How can a Living Trust help during your lifetime?

Incompetency. A good estate plan will include planning for your lifetime as well as for your death. During your lifetime, you could become incompetent or incapacitated due to any number of causes, such as an accident, stroke, dementia, etc. This could prevent you from carrying on your daily activities, including your financial affairs.

Guardianship. If you haven’t made the proper arrangements before you become incompetent, the state may take control of your assets through a court ordered guardianship. The court would appoint a guardian to make decisions for you and manage your assets for you. You would not be entitled to name your own guardian; the guardian would normally have to post a bond, file an inventory of all your assets, final annual accountings with the court, and get the court’s permission to spend your money for you. All of your assets and how they are used become public information. With legal fees and other expenses, it can be an expensive, time consuming and it involves public exposure of your assets.

Trust Planning. On the other hand, if you have created a living trust which holds your assets, there would be no need for a guardian to be appointed to manage your assets. Legal title to your assets would be held by your successor trustee. Your trust could provide that no bond would be required, that no accountings need to be filed with the court, and that the court is not required to supervise how your assets are used for your own benefit. While some of this can be done with a power of attorney, if a guardian is appointed, he or she can revoke your power of attorney. A trust is a much more complete way of you being able to control what happens in the event of your incompetency.

How can a Living Trust help upon your death?

Probate. Probate is the legal process whereby a court oversees the proper distribution of your probate assets to creditors and beneficiaries. Probate assets are those assets that pass under your will (or if there is no will, then to your heirs according to state law). Certain types of assets may not have to go through probate, such as jointly owned property with right of survivorship or assets with beneficiaries. Assets you have transferred to your living trust prior to death also avoid probate. Your assets that do go through probate will become public information, as a detailed inventory and accountings are required to be file with the court.

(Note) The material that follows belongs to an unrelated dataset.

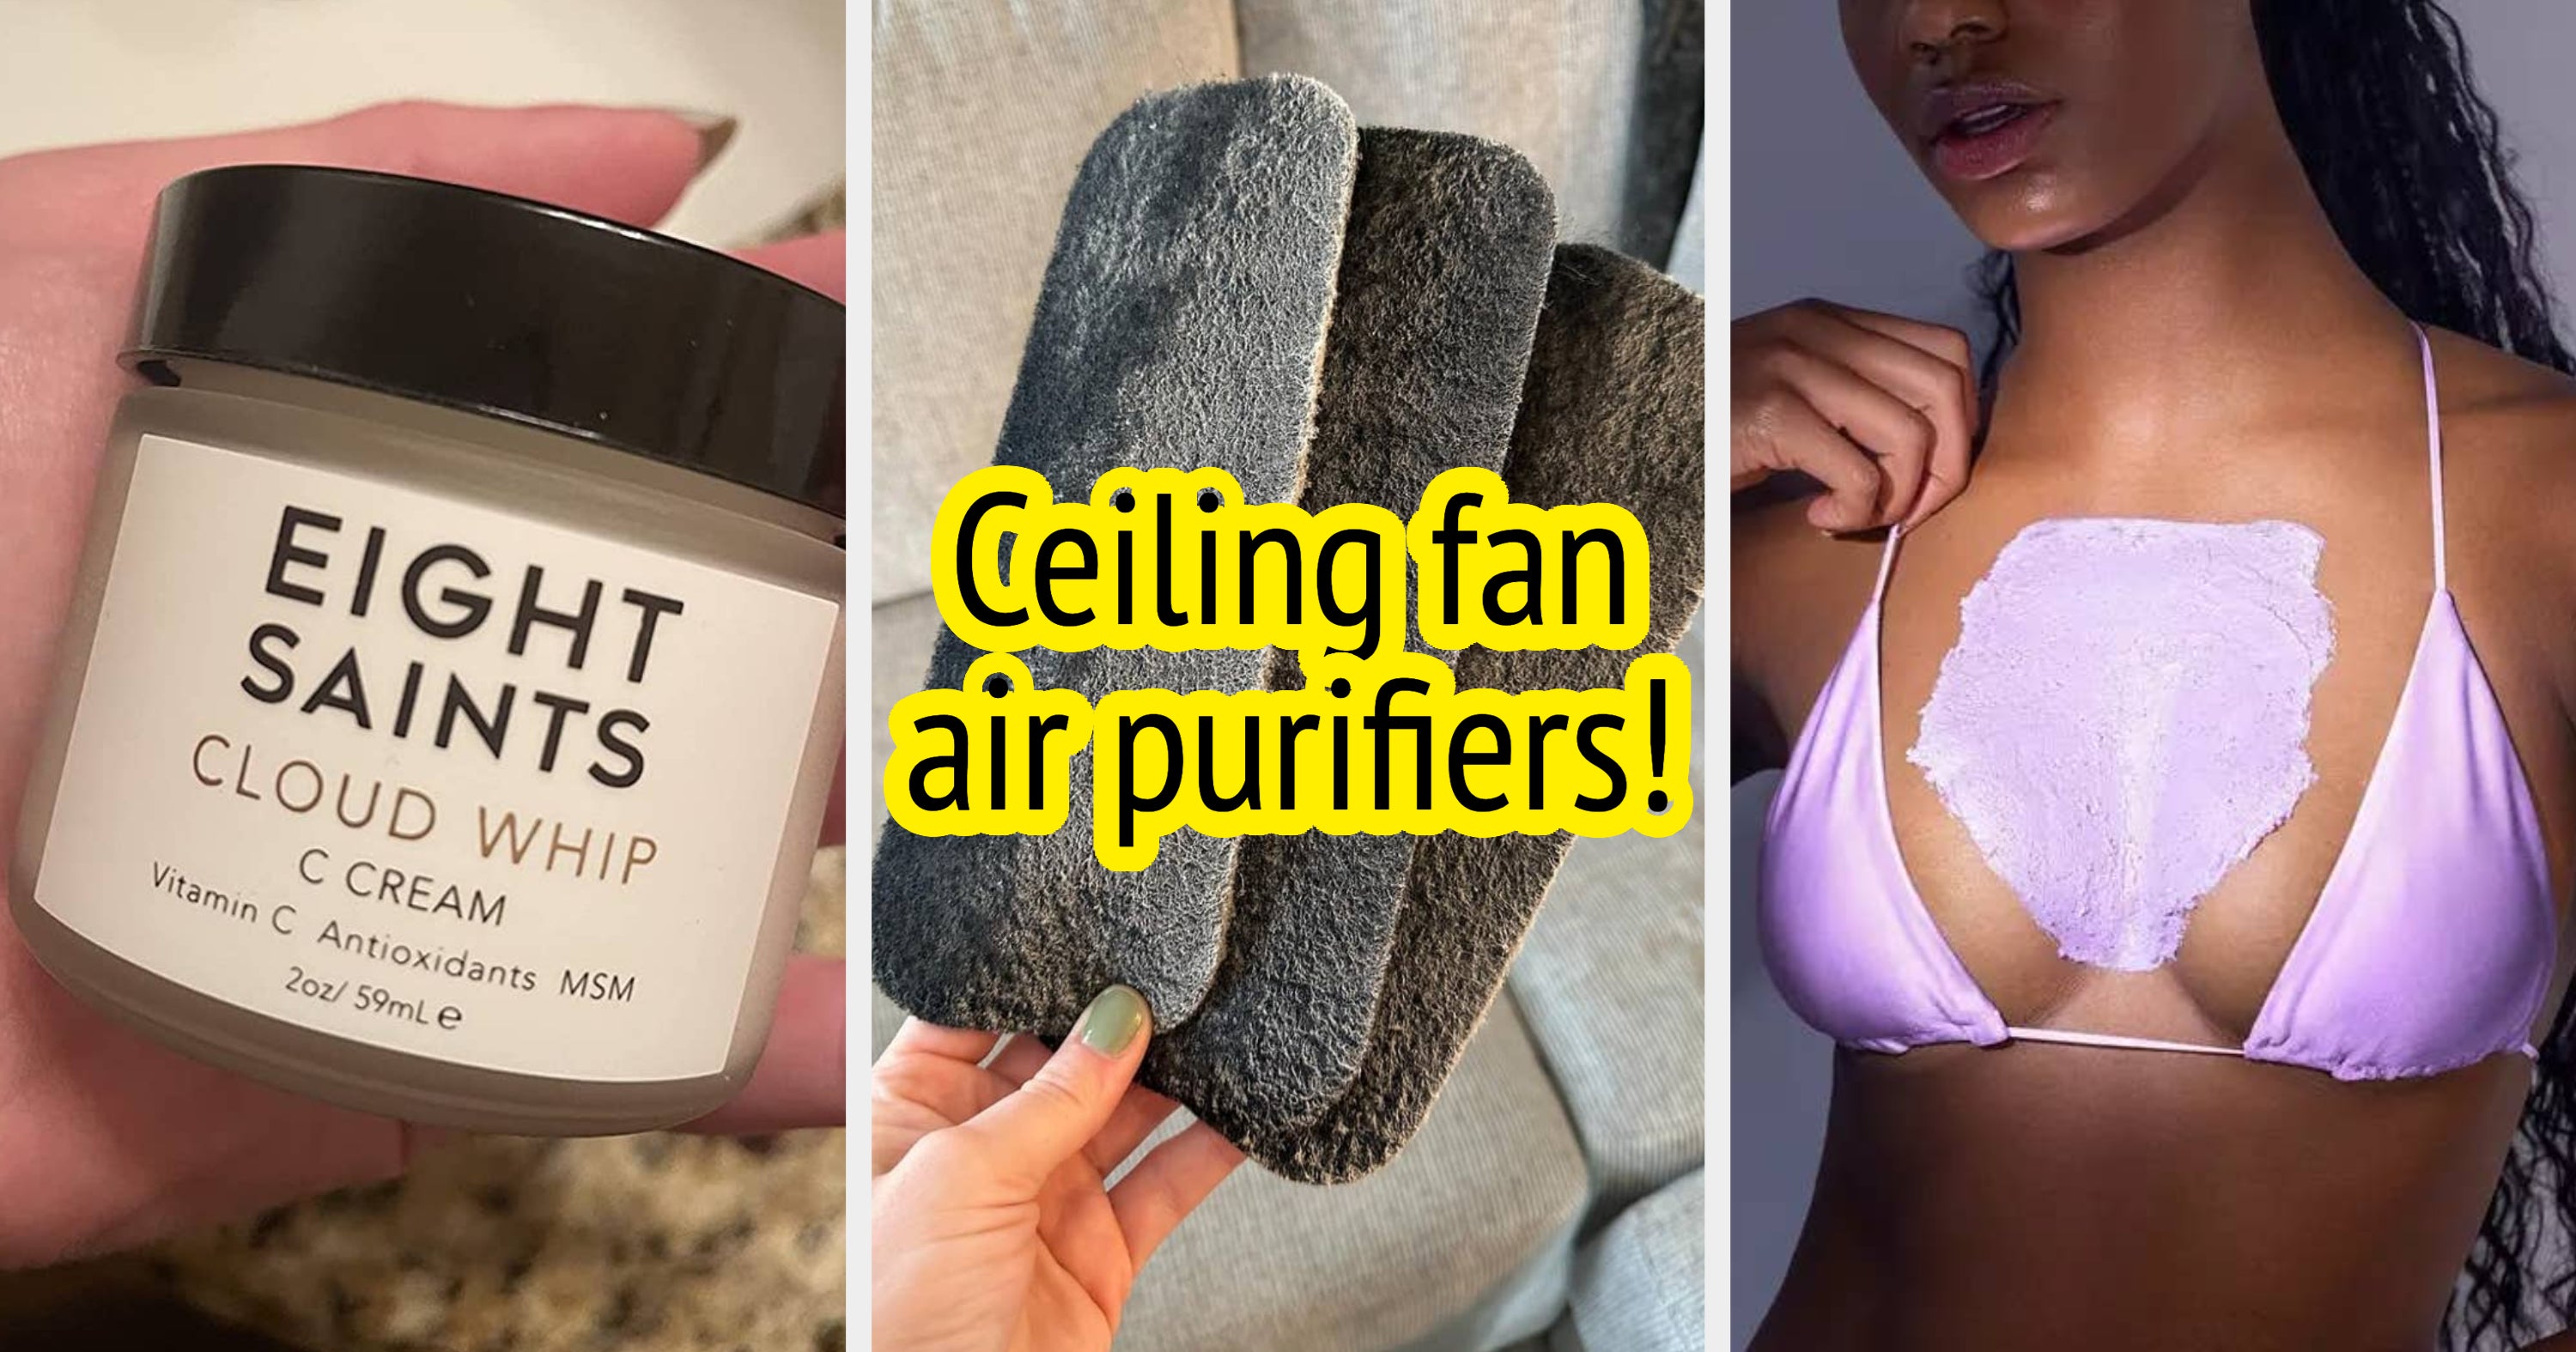 34 products you just have to love

Avoiding Probate with a Living Trust. If done properly, a living trust can be a great tool for avoiding probate. Upon your death, the trust acts like a will, except that the assets in the trust do not have to go through probate. Like a will, your trust would direct how your trust assets are to be administered and distributed upon your death, except without the supervision of the court.

You can also name your trust as the beneficiary of certain types of assets, such as life insurance, bank accounts, or investment accounts., in which case they would not go through probate either. You may want to name your trust as beneficiary of these assets because your trust can have provisions for various contingencies (such as if a beneficiary dies before you); you can also provide in your trust for your trustee to continue to hold and use those assets for under-aged or incompetent beneficiaries until it is appropriate to distribute them outright.

Coordinating Your Trust with your Will. Even with a trust, you will still need a will, because you may still have some probate assets. Typically, when you have a revocable living trust, your will would simply leave all of your probate assets to your trust, instead of to individuals. This type of will is often referred to as a “pour-over will.” This arrangement allows a great deal of privacy, not only of your assets, but of who is to inherit your assets and under what circumstances.